The types of stories the News runs also fit its target audience. Most articles have to do with New-York-related occurrences, such as the New York City fiscal crisis. In an attempt to entertain, the News also publishes many sensationalist articles. For example, several months ago a debacle over "voodoo dust" being used by a City Board of Education member received a significant amount of attention. Additionally, articles in the sports section are designed for the target audience by focusing mainly on New York sports teams. The section comprises roughly half of the paper, further illuminating the News's belief that the "average" blue-collar worker is a sports junkie.

A History of the News

(Note: The information gathered for this section comes almost exclusively from an e-mail sent to me from Scott Browne of the News. I would like to thank Mr. Browne and The New York Daily News for providing this extensive amount of research free of charge to me for use in this write-up.)

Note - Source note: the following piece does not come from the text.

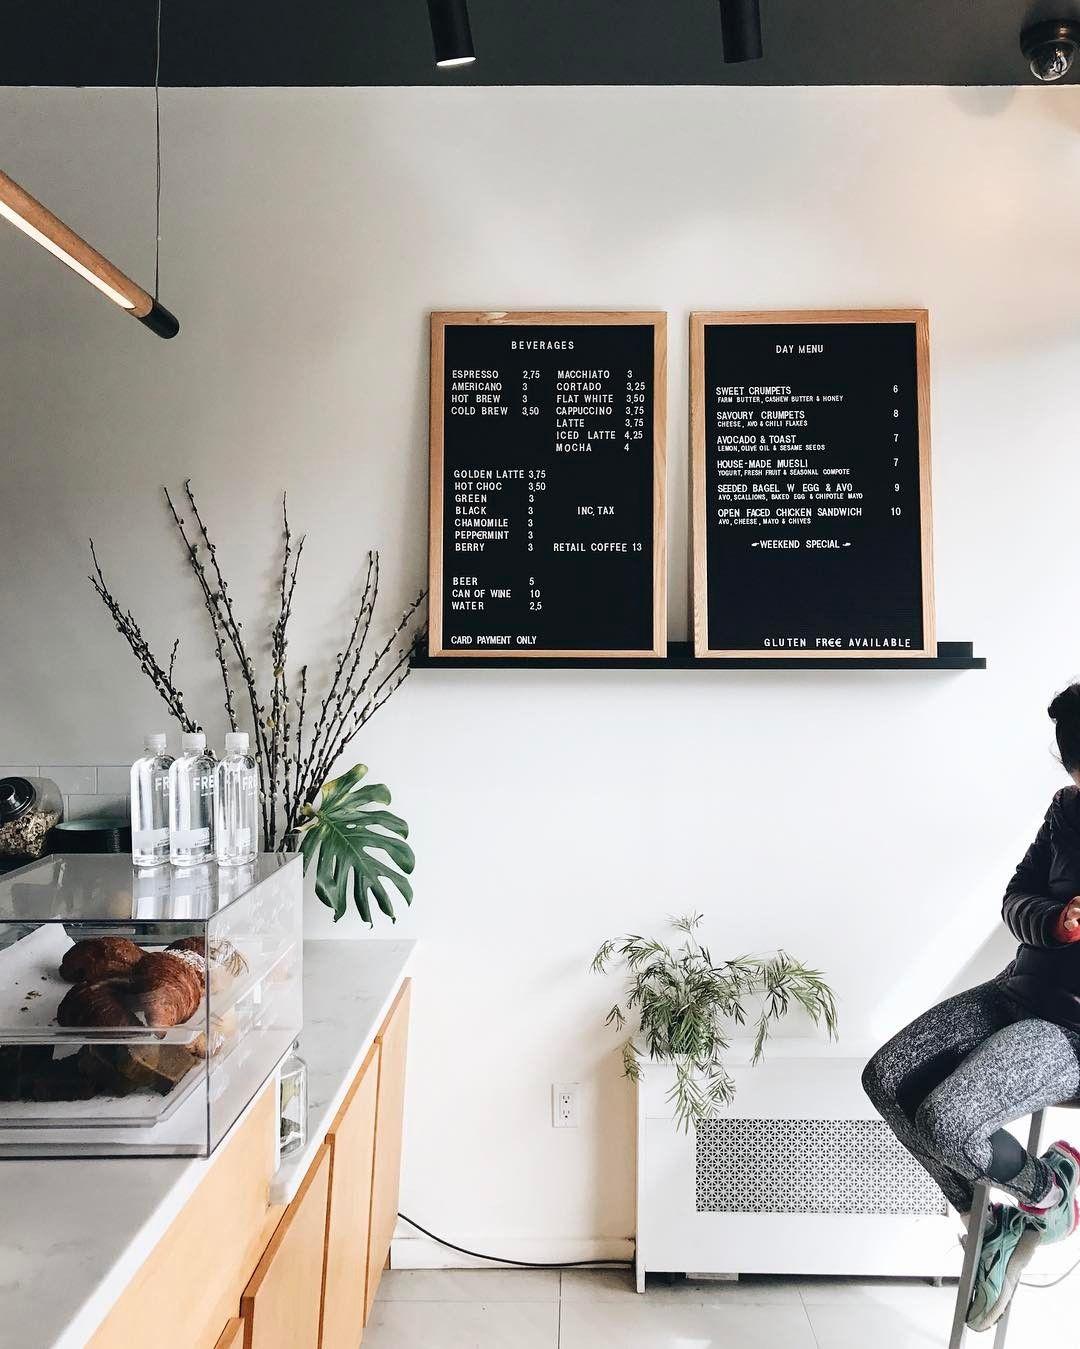 Three Seat Espresso & Barber, New York Photo: Dianne Elizabeth #cafe ...

The News was founded in 1919 by Capt. Joseph M. Patterson and Col. Robert McCormick, both members of the family that owned The Chicago Tribune. The two cousins founded what was then called The Illustrated Daily News to fulfill a dream held by Mr. Patterson to establish a paper in New York. The tabloid design also came from Mr. Patterson, who was influenced by the many English papers that used the form at the time. From this launching point, the News embarked on a near-decade-long journey that led through bankruptcy, changes in ownership, and several Pulitzers. A brief history of the News follows:

  • June 26, 1919: The News's first issue was printed. The paper began its life by renting space in The New York Evening Mail Building and used its facilities to print its first editions.
  • September 1920: The News first became profitable.
  • November 20, 1920: The paper changed its name to The New York Daily News after buying the name from an existing paper based in Harlem.
  • April 16, 1921: The News moved into a new building on Park Place
  • May 1, 1921: The News printed its first Sunday edition, which was known as The Sunday News until the 1970's.
  • March 11, 1923: The News added color comics to the Sunday edition.
  • July 18, 1924: The News printed its afternoon edition. It was printed on pink paper and was therefore known as the "Pink Edition." It lasted until 1955.
  • April 1926: The News's circulation topped one million.
  • October 10, 1926: The News added a newsmagazine to its Sunday paper.
  • January 1927: The paper opened a plant in Brooklyn.
  • February 22, 1930: The News moved to its new home on East 42nd St.
  • 1941: Reuben Maury won the Pulitzer Prize for his editorials at the News.
  • May 27, 1946: Mr. Patterson died. The News is managed by a joint News-Tribune committee for the next several years.
  • 1956: 26 staff photographers won the Pulitzer Prize for general photographic excellence.
  • 1959: Joe Martin and Phil Santora won the Pulitzer for a series of articles appearing in the News about the Cuban Revolution that brought Fidel Castro to power.
  • 1974: William Sherman won the Pulitzer for exposing multi-million-dollar abuses in the City Medicaid program.
  • April 1986: Jimmy Breslin won the Pulitzer Prize for his columns.
  • March 21, 1991: Robert Maxwell and his Mirror Group Newspapers buy the News, thereby ending a yearlong strike against the paper.
  • November 5, 1991: Mr. Maxwell died while in the Canary Islands. His media empire, which now included the News, died with him.
  • December 5, 1991: The News filed for bankruptcy protection to shield its assets from Mr. Maxwell's creditors.
  • January 7, 1993: Mortimer Zuckerman and partner Fred Drasner purchased the News and brought it out of bankruptcy.
  • May 1995: The Daily News's editorial and business offices relocated to Manhattan's West Side.
  • 1996: Columnist E.R. Shipp won the Pulitzer Prize for commentary.
  • 1998: Mike McAlary won the Pulitzer for exposing the police brutality scandal involving Abner Louima.
  • 1999: The News's Editorial Board won a Pulitzer for a series of editorials about the neglect of Harlem’s Apollo Theatre.